Трудно было представить, что еще вчера здесь беззаботно пели песни, дядюшка Карел забористо играл на гармонике, а Зубодер курил перед домом виргинскую сигару… Сейчас на пыльной дороге валялась изрешеченная пулями доска с надписью «Трактир у стеклодувки».
Не находя себе места бродил я по лесу, дошел до дамбы, сбежал к водостоку и там рухнул в высокую траву под старыми развесистыми вербами.
Я лежал, зарывшись лицом в траву, вдыхал запах тмина и чего-то сладковатого, напоминающего запах пчелиного меда. В первую минуту я даже не вспомнил, откуда мне знаком этот запах.
И тут перед моими глазами предстал тот летний вечер, когда я впервые увидел Виолу на фоне темно-синего пруда и тускнеющих красок погружающегося в сумрак леса. Я снова вспомнил, как она стояла передо мной в мокром, прилипшем к телу купальнике и вдруг стянула с головы резиновую шапочку…

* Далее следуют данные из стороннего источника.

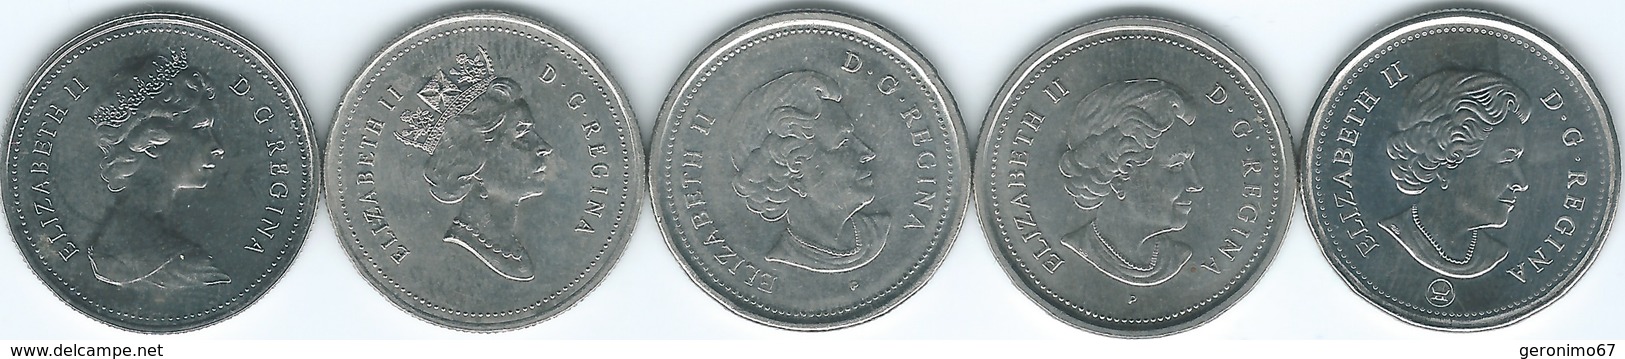 Canada - 25 Cents - 1979 (KM74) 1990 (KM184) 2003 (KM184b) 2005 & 2017 (KM493 - With/Without Mintmark) - Canada

Я видел, как она — в белом халатике, золотые волосы стянуты узлом — пробирается ко мне мимо раскинувшихся на траве людей, как бросается в мои объятия со слезами на глазах…

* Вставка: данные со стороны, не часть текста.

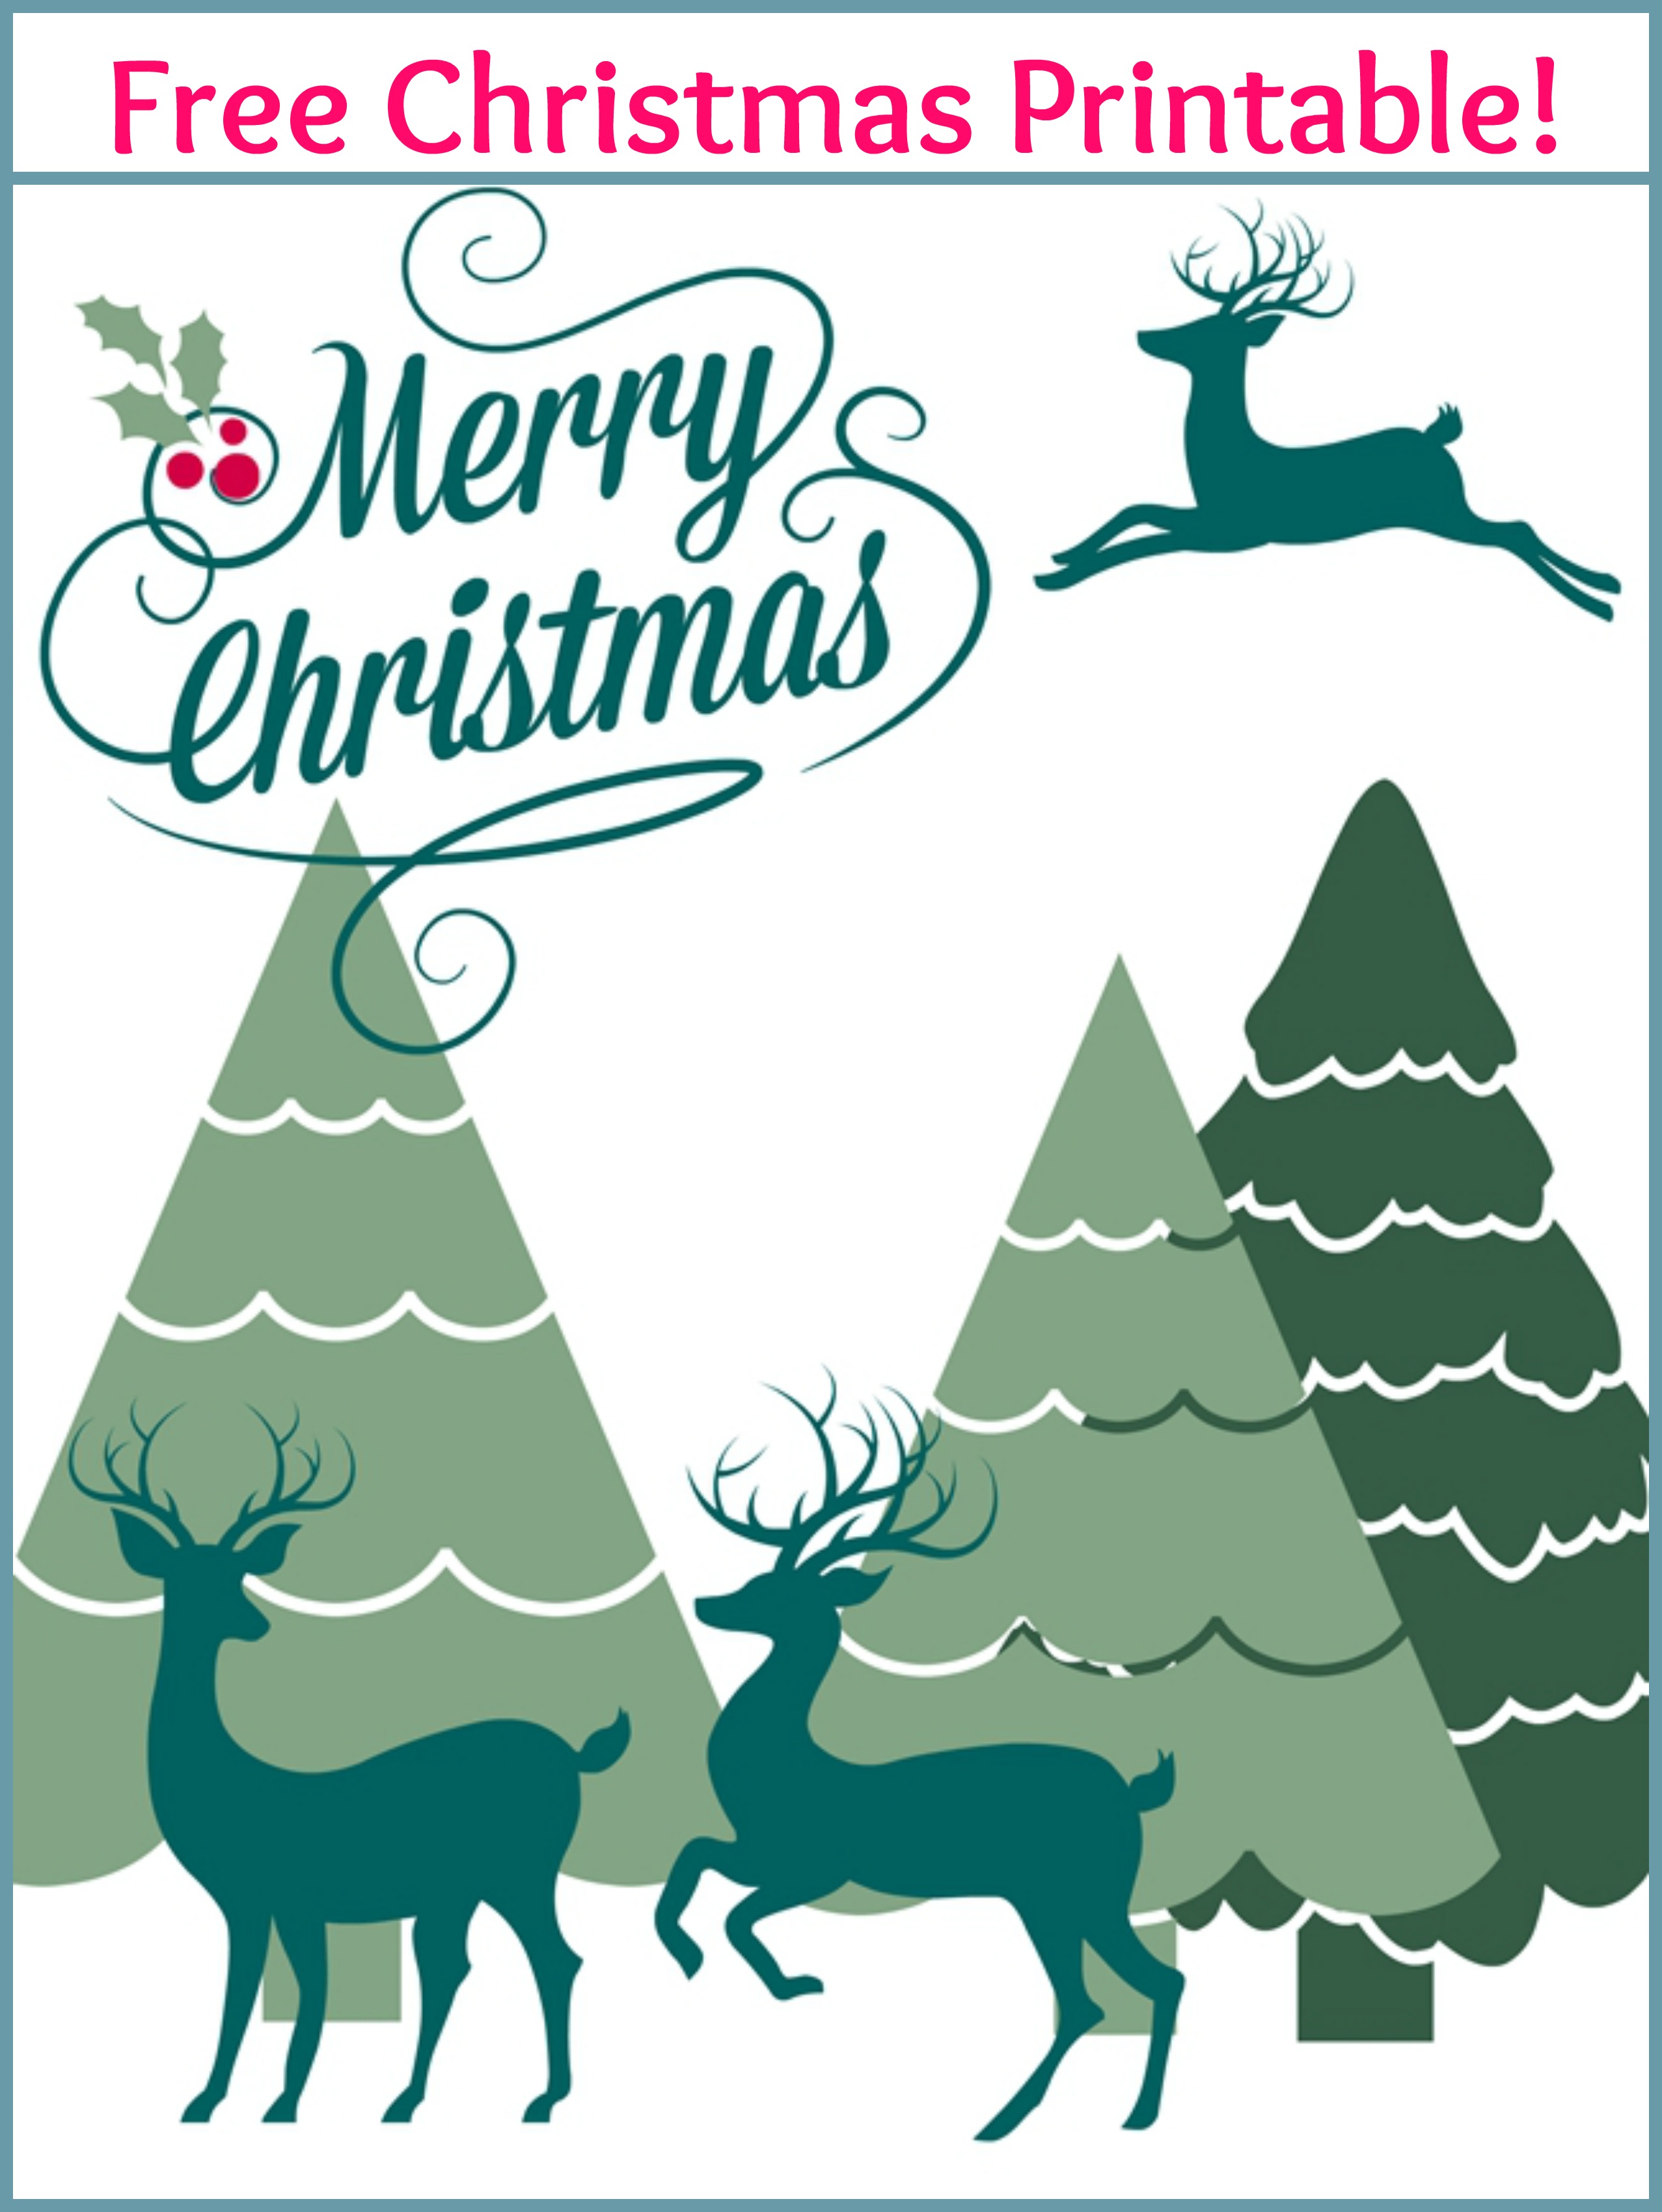 Merry Christmas Card Free Printable Printable Templates

И вот мы вместе лежим в высокой траве, а ночь опускается на лес и черной пеленой окутывает пруд… Потом Виола лежит на моем плече и машинально застегивает пуговки кофточки на груди, глаза ее устремлены в небо, увидев падающую звезду, она молитвенно шепчет: «Лети, моя звездочка, лети…»
Может быть, лучше было бы умереть. Не думать, не видеть, не слышать. Не существовать.
Или биться головой о землю до тех пор, пока не выбьешь все раздирающие сердце воспоминания.
Я не мог здесь оставаться. Как безумный бегал я по лесу, громко и безнадежно выкрикивал имя Виолы.
Лесистые склоны, безучастные воды пруда отзывались глухим эхом.
«Теперь ты все равно не сможешь быть один, даже если захочешь», — доносился до меня издалека ее приглушенный голос.
Минутами мне казалось, что она здесь, рядом, что мы снова ходим вместе рука в руке, не отрываясь смотрим друг на друга как зачарованные.
И тут я понимал, что к прошлому нет возврата, что война не возвращает своих жертв.
12
В сорок пятом году, через три месяца после окончания войны, я поехал в родной город получить в Национальном комитете необходимые документы и характеристику. К тому времени я переселился в Прагу, работал там в страховой конторе, и передо мной открывались самые широкие перспективы. Я не мог оставаться в родном городе: там каждый уголок напоминал мне о трагических событиях, происшедших четыре года назад.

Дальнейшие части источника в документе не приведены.